[Opening Information provided section]
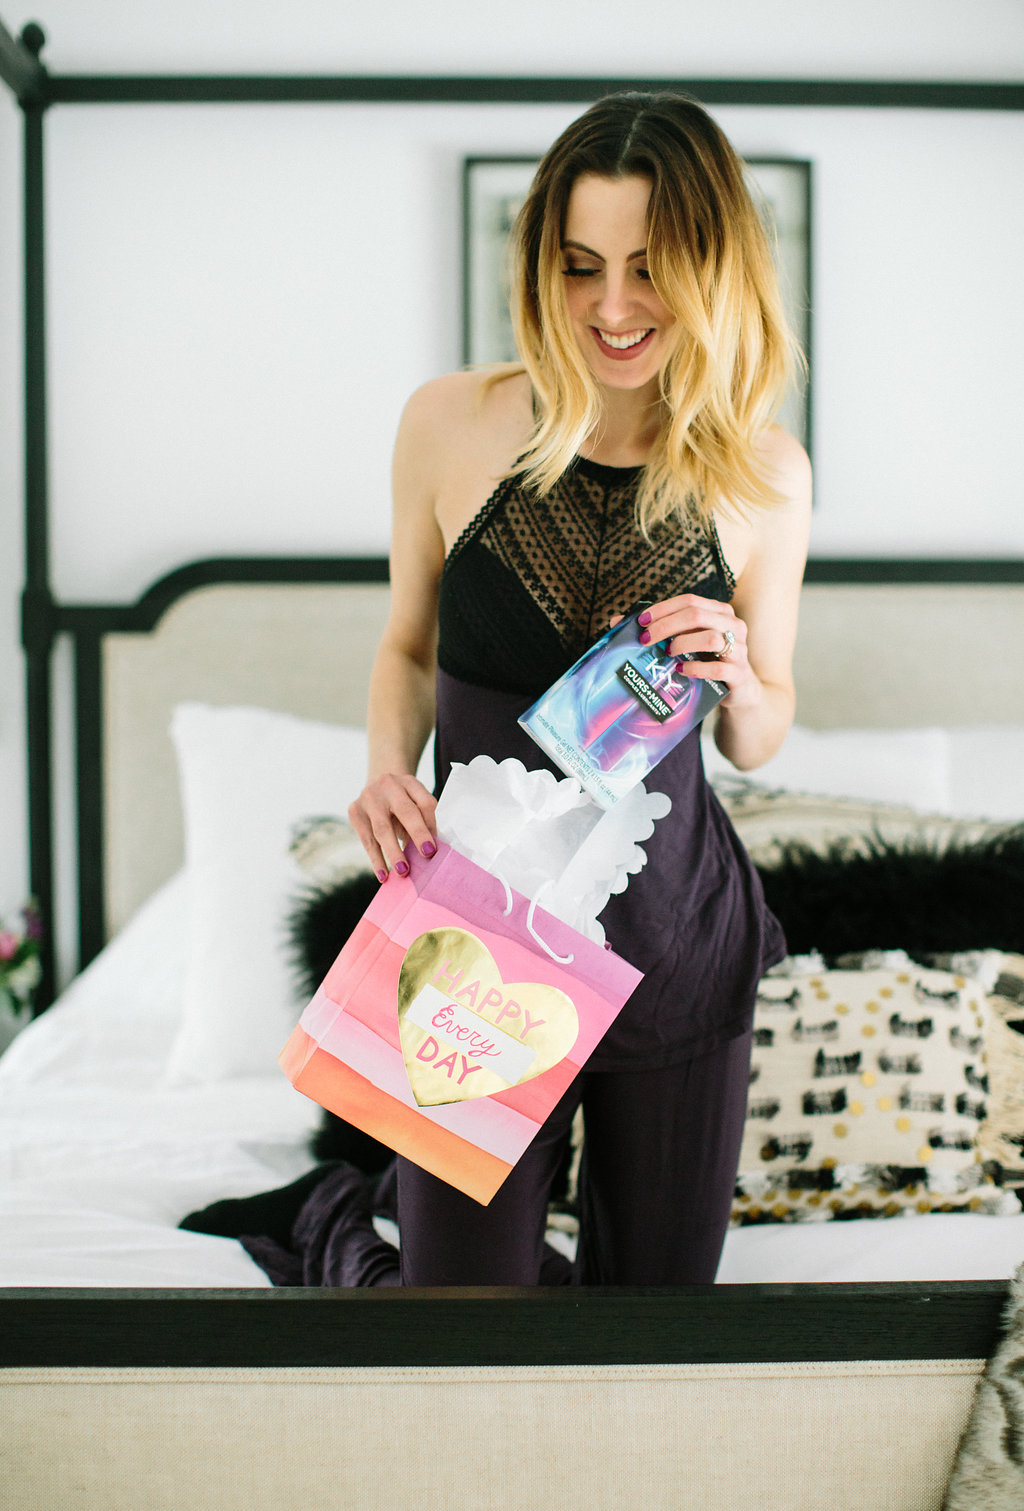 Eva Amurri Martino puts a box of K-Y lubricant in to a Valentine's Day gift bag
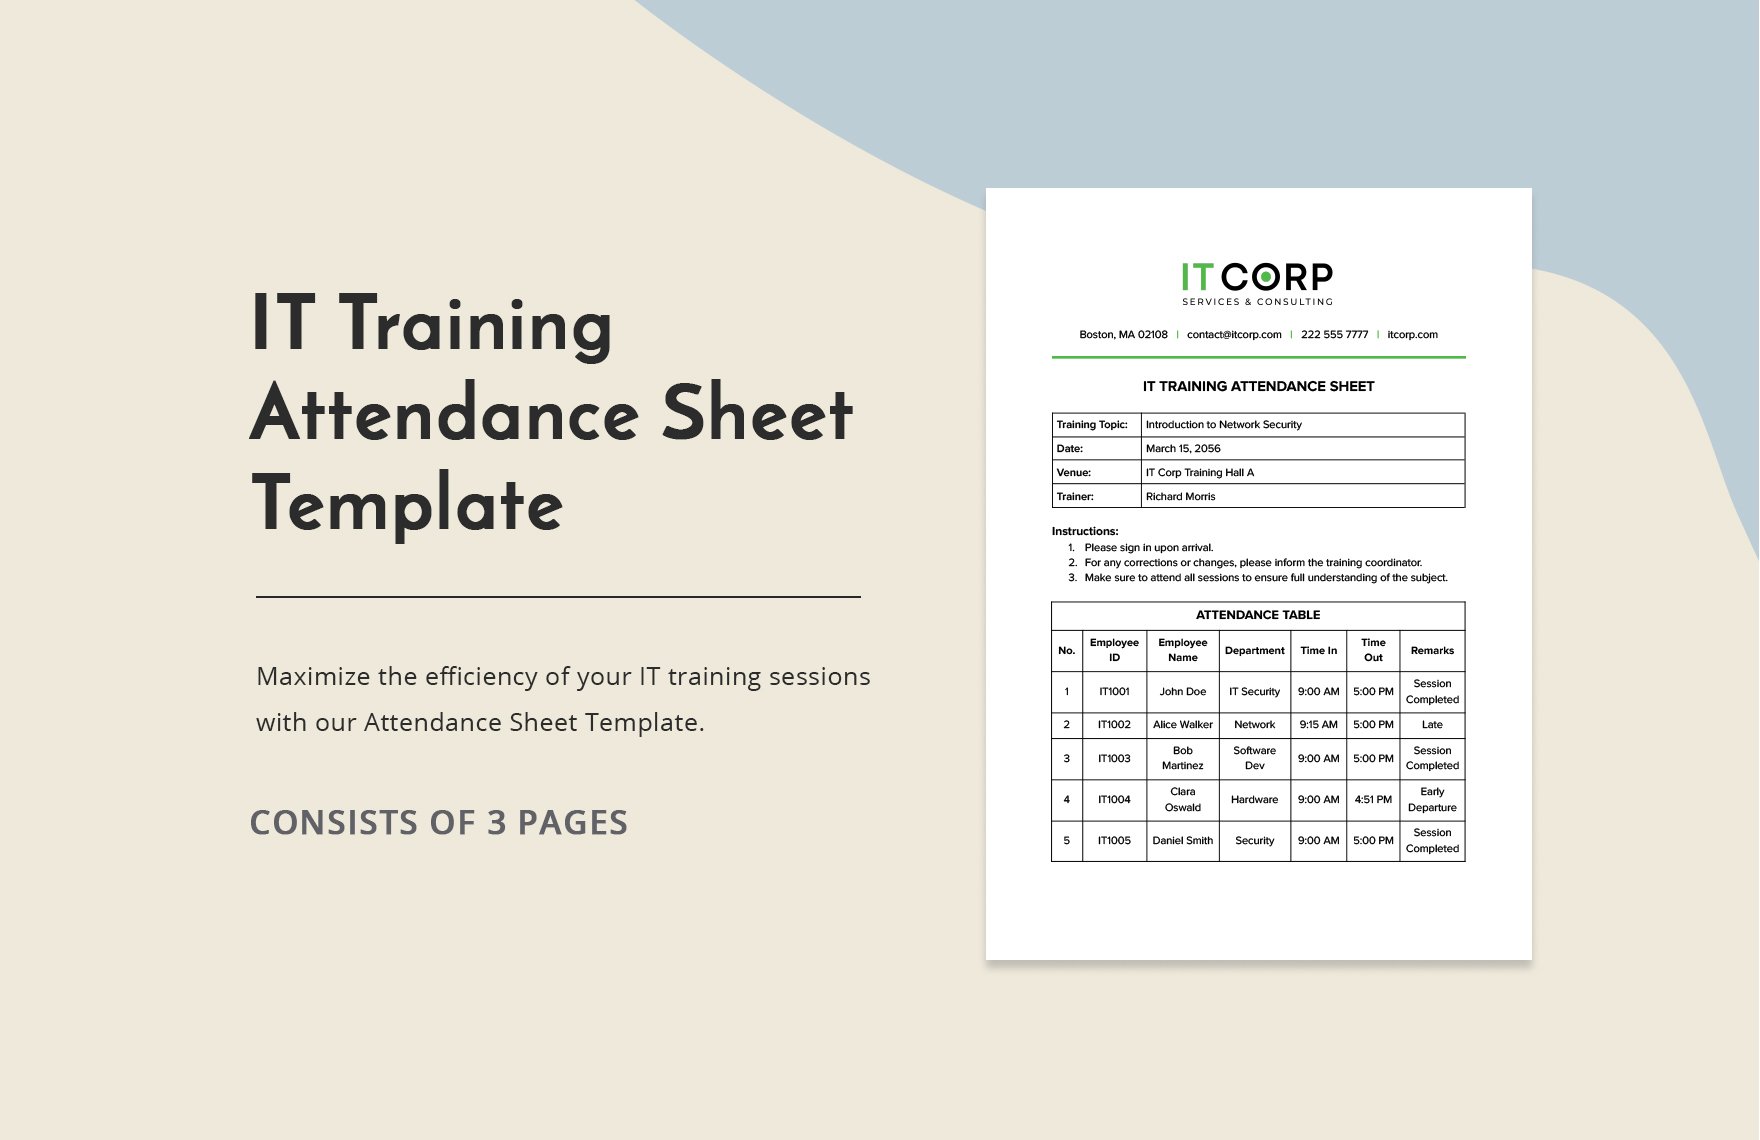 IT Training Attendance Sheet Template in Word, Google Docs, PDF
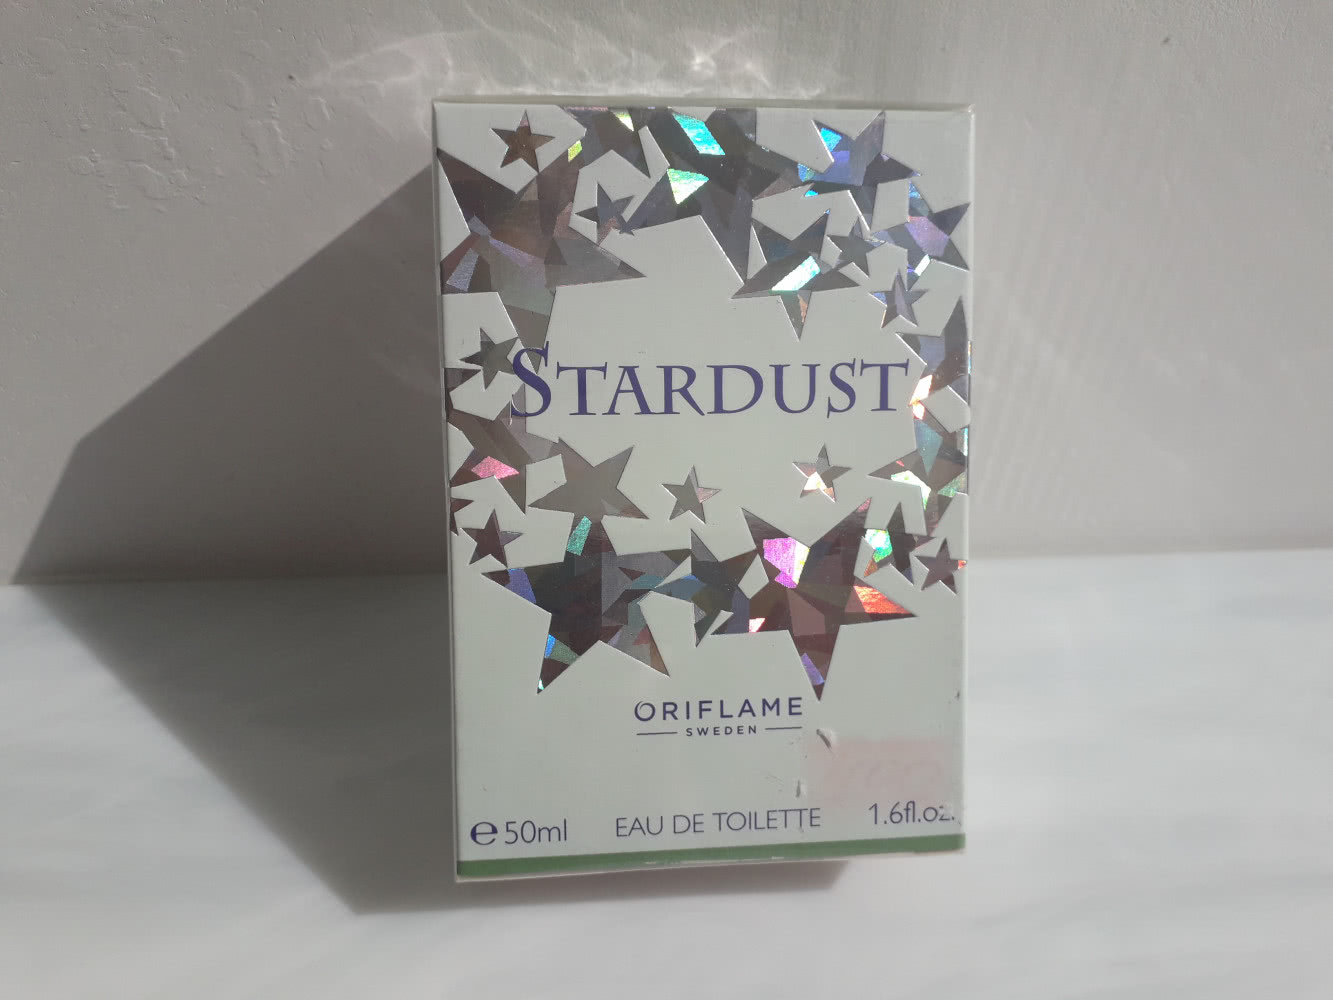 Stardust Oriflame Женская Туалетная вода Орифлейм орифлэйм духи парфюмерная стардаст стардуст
[Closing Information provided section]
> [Exercise objective]:
Output exactly the lines from the one that has "IT Training Attendance" through the end of the data. Do not include pictures.

> [Exercise answer]:
 IT Training Attendance Sheet Template in Word, Google Docs, PDF
 Stardust Oriflame Женская Туалетная вода Орифлейм орифлэйм духи парфюмерная стардаст стардуст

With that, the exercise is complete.